→ **Task objective**
Without any pictures, retype exactly the lines that begin at the one holding "Venice acqua alta" and end at the last line of the data below.

→ **Dataset extract**
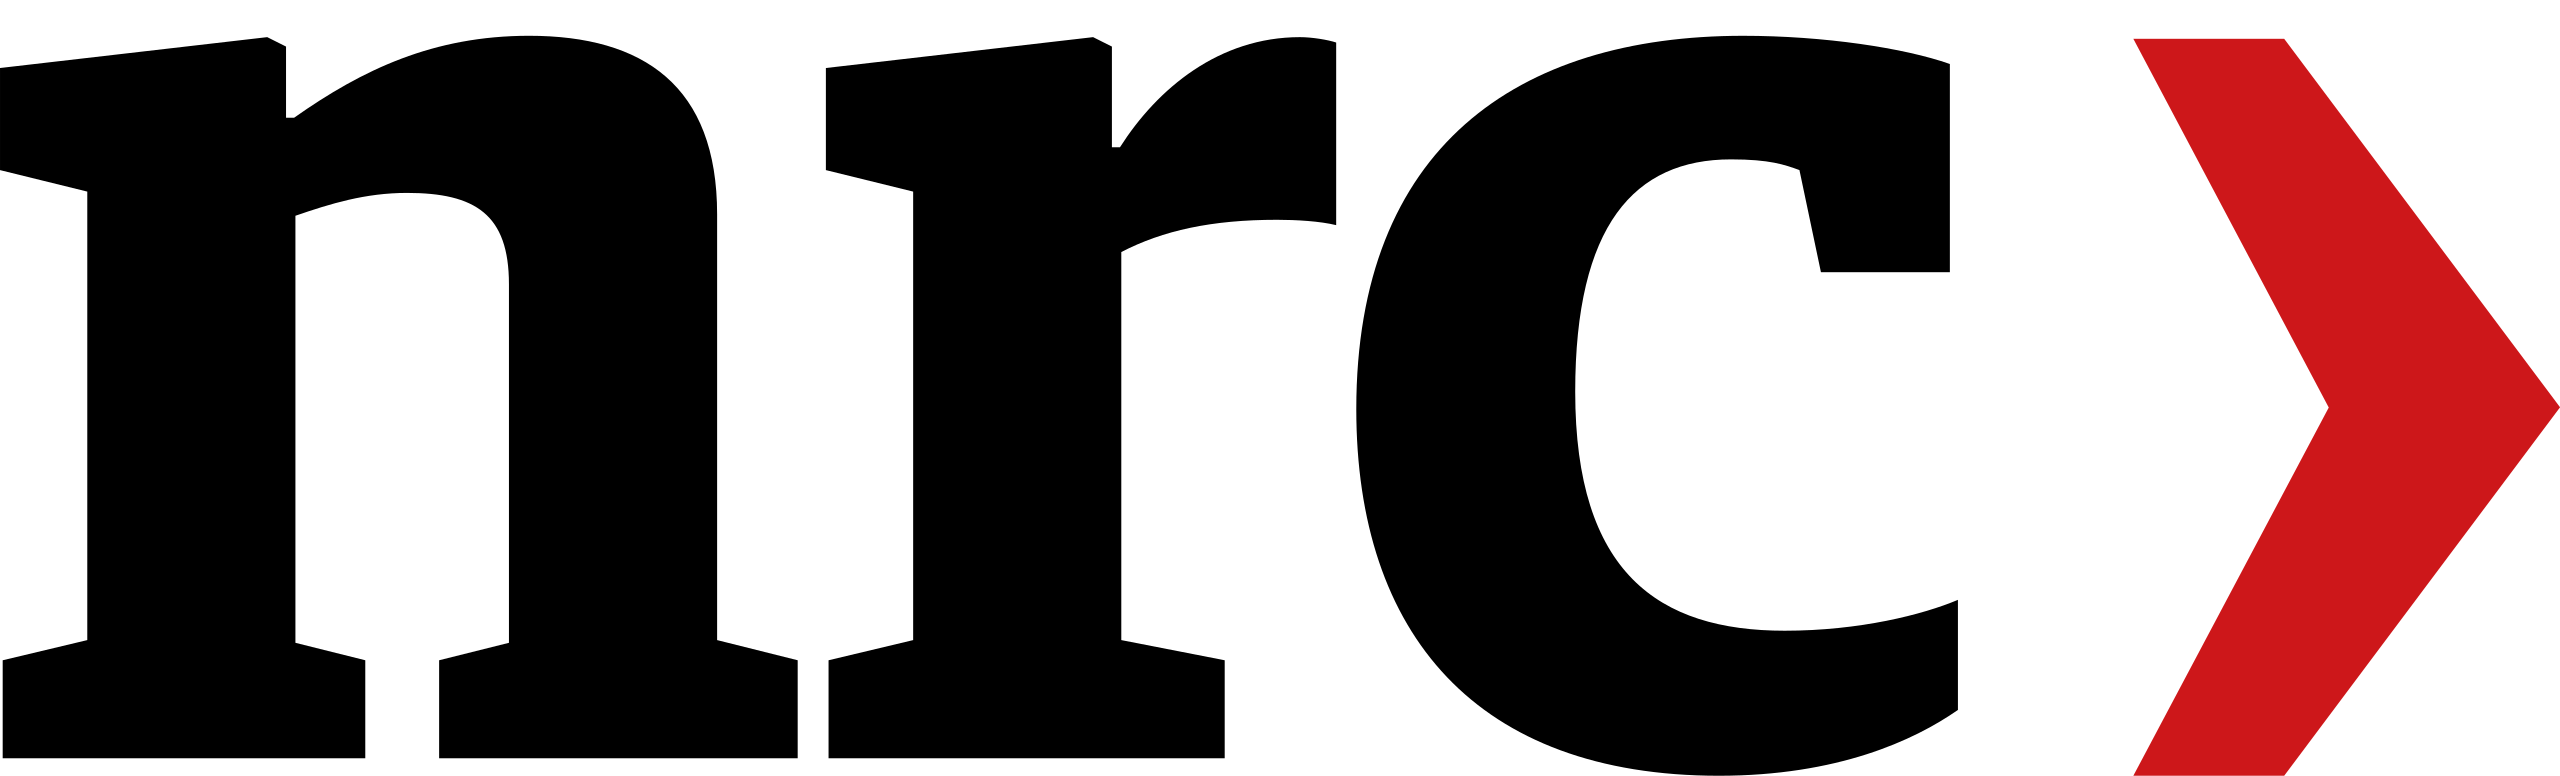 Bestand:NRC logo.svg - Wikipedia
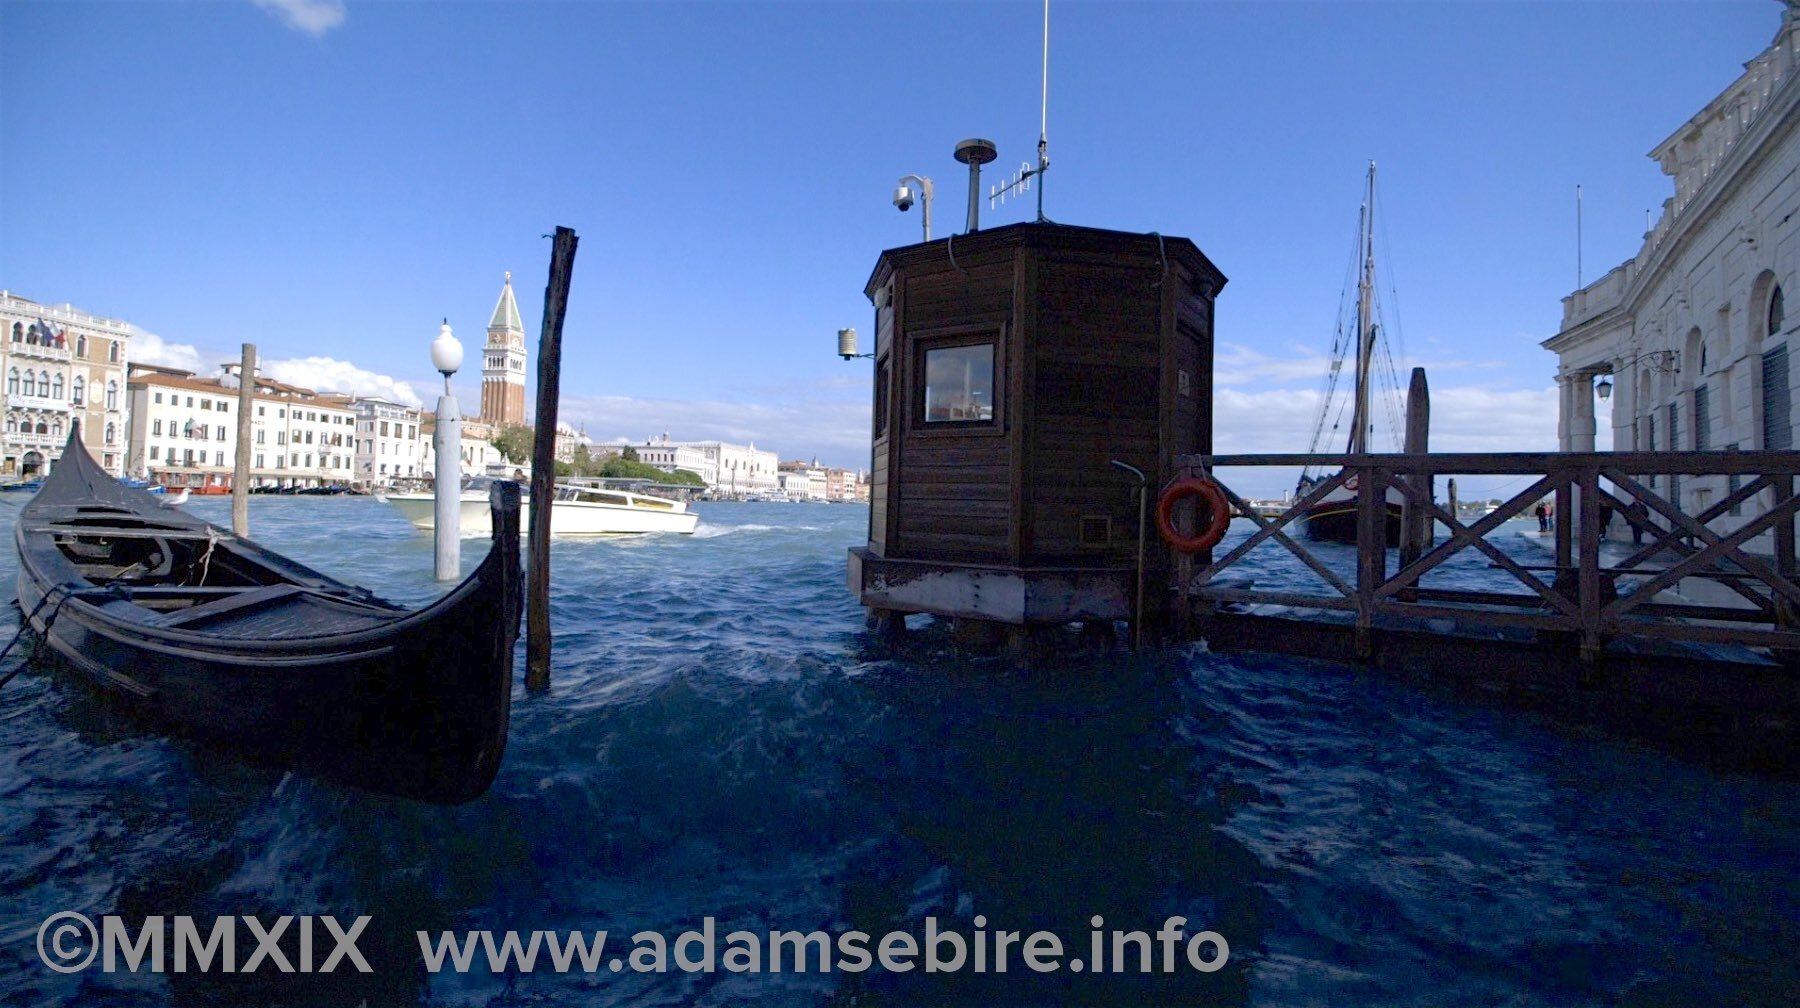 Venice acqua alta flooding - official tide gauge measurement.jpg
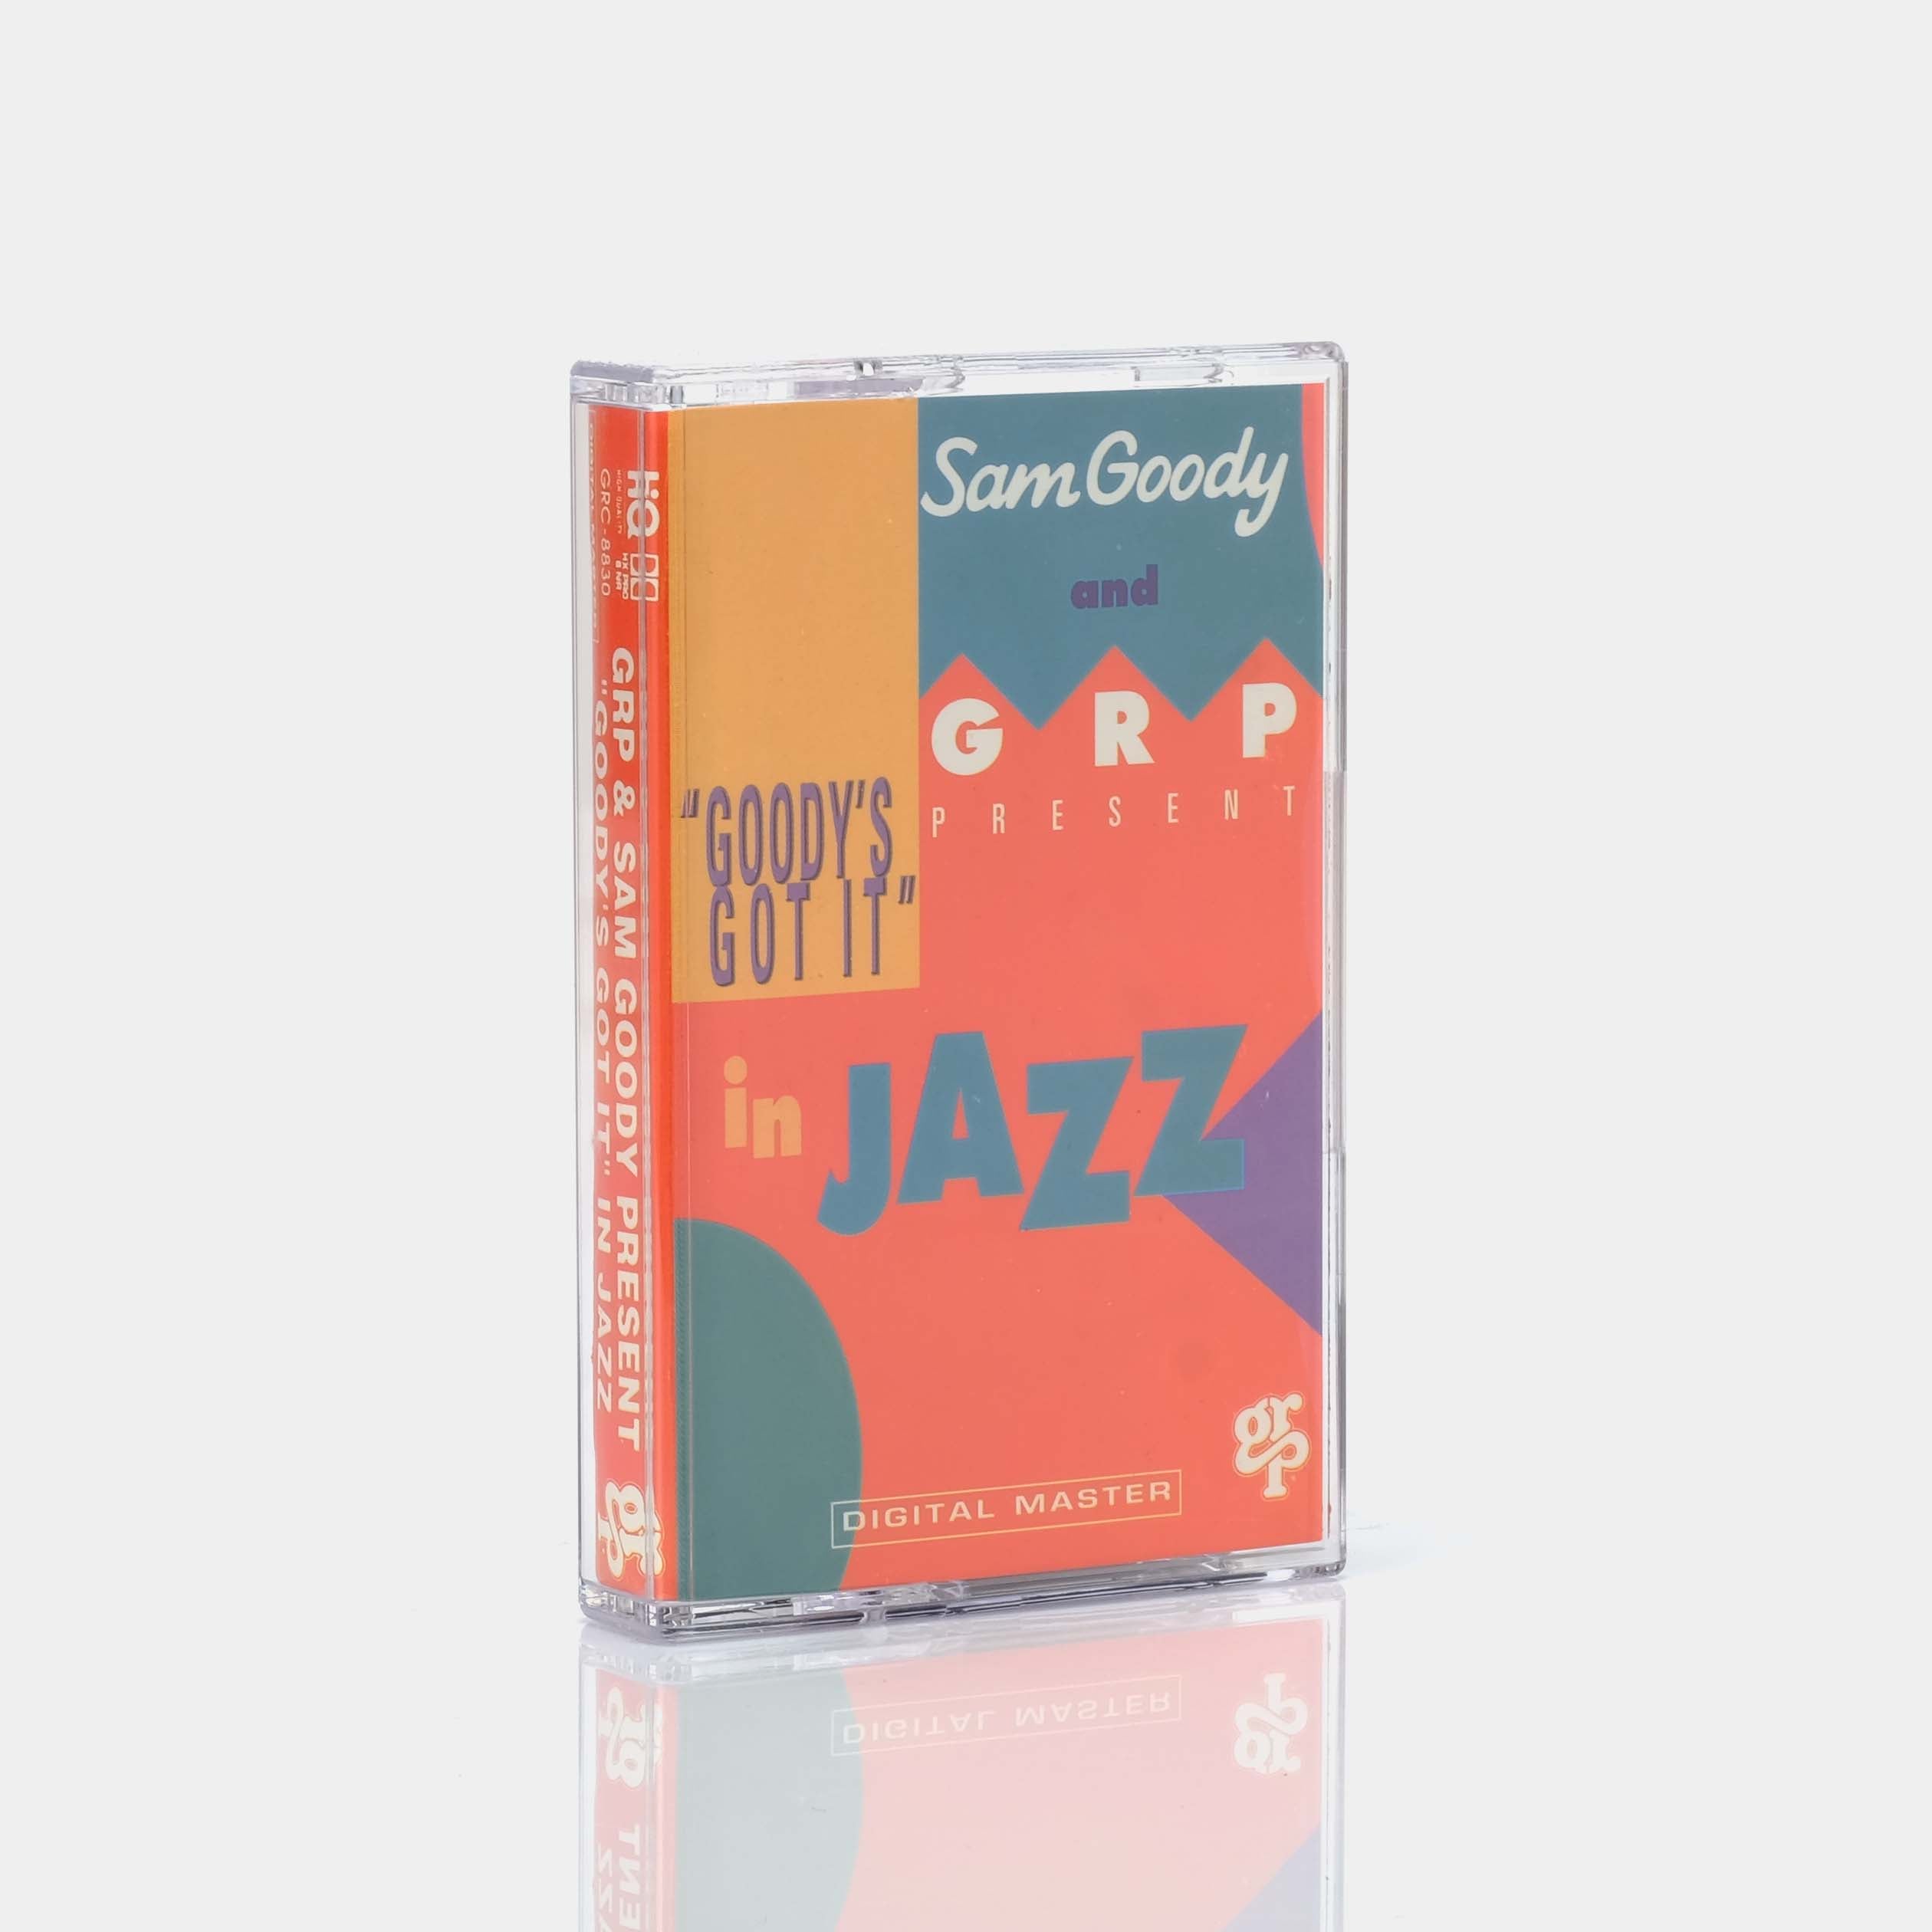 Sam Goody & GRP Present "Goody's Got It" In Jazz Cassette Tape
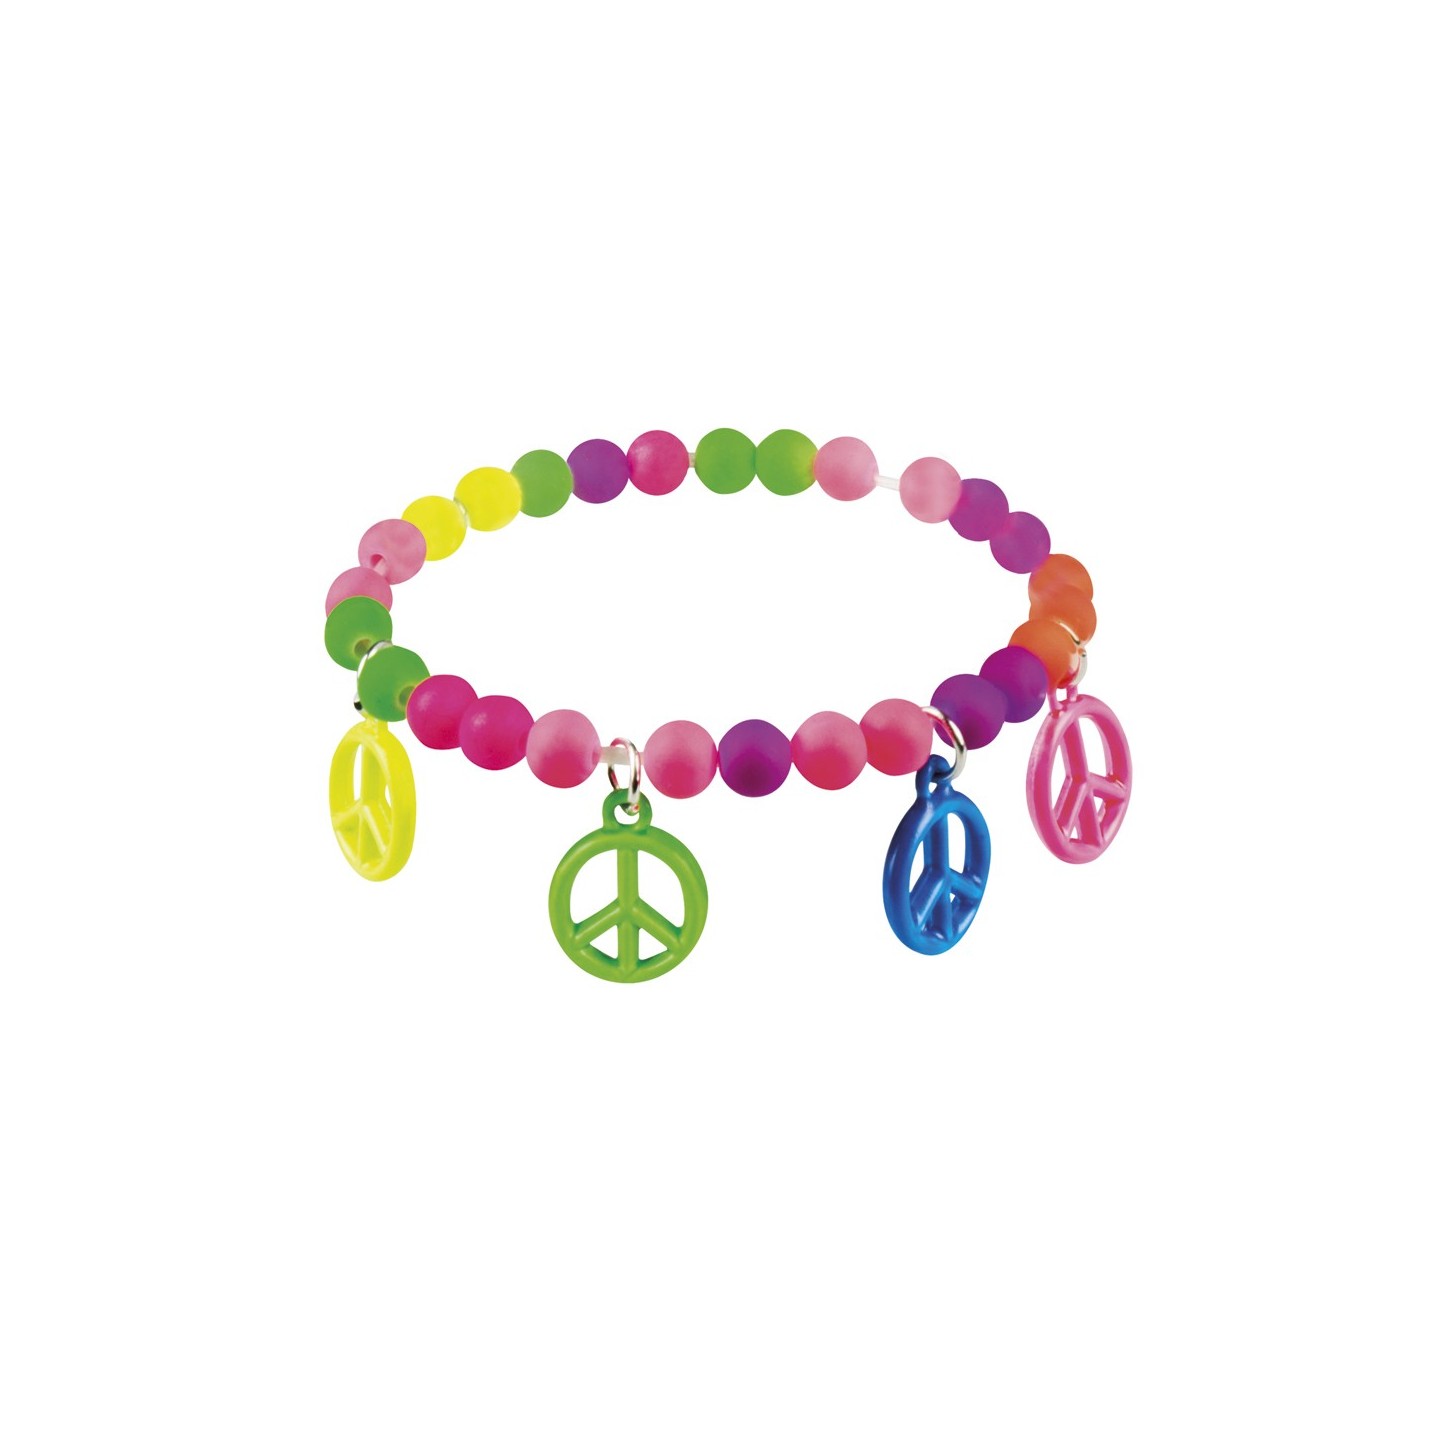 Hippie armbnd peace teken row

→ **Response to this exercise**
 Venice acqua alta flooding - official tide gauge measurement.jpg
 Sam Goody & GRP Present "Goody's Got It" In Jazz Cassette Tape
 Hippie armbnd peace teken row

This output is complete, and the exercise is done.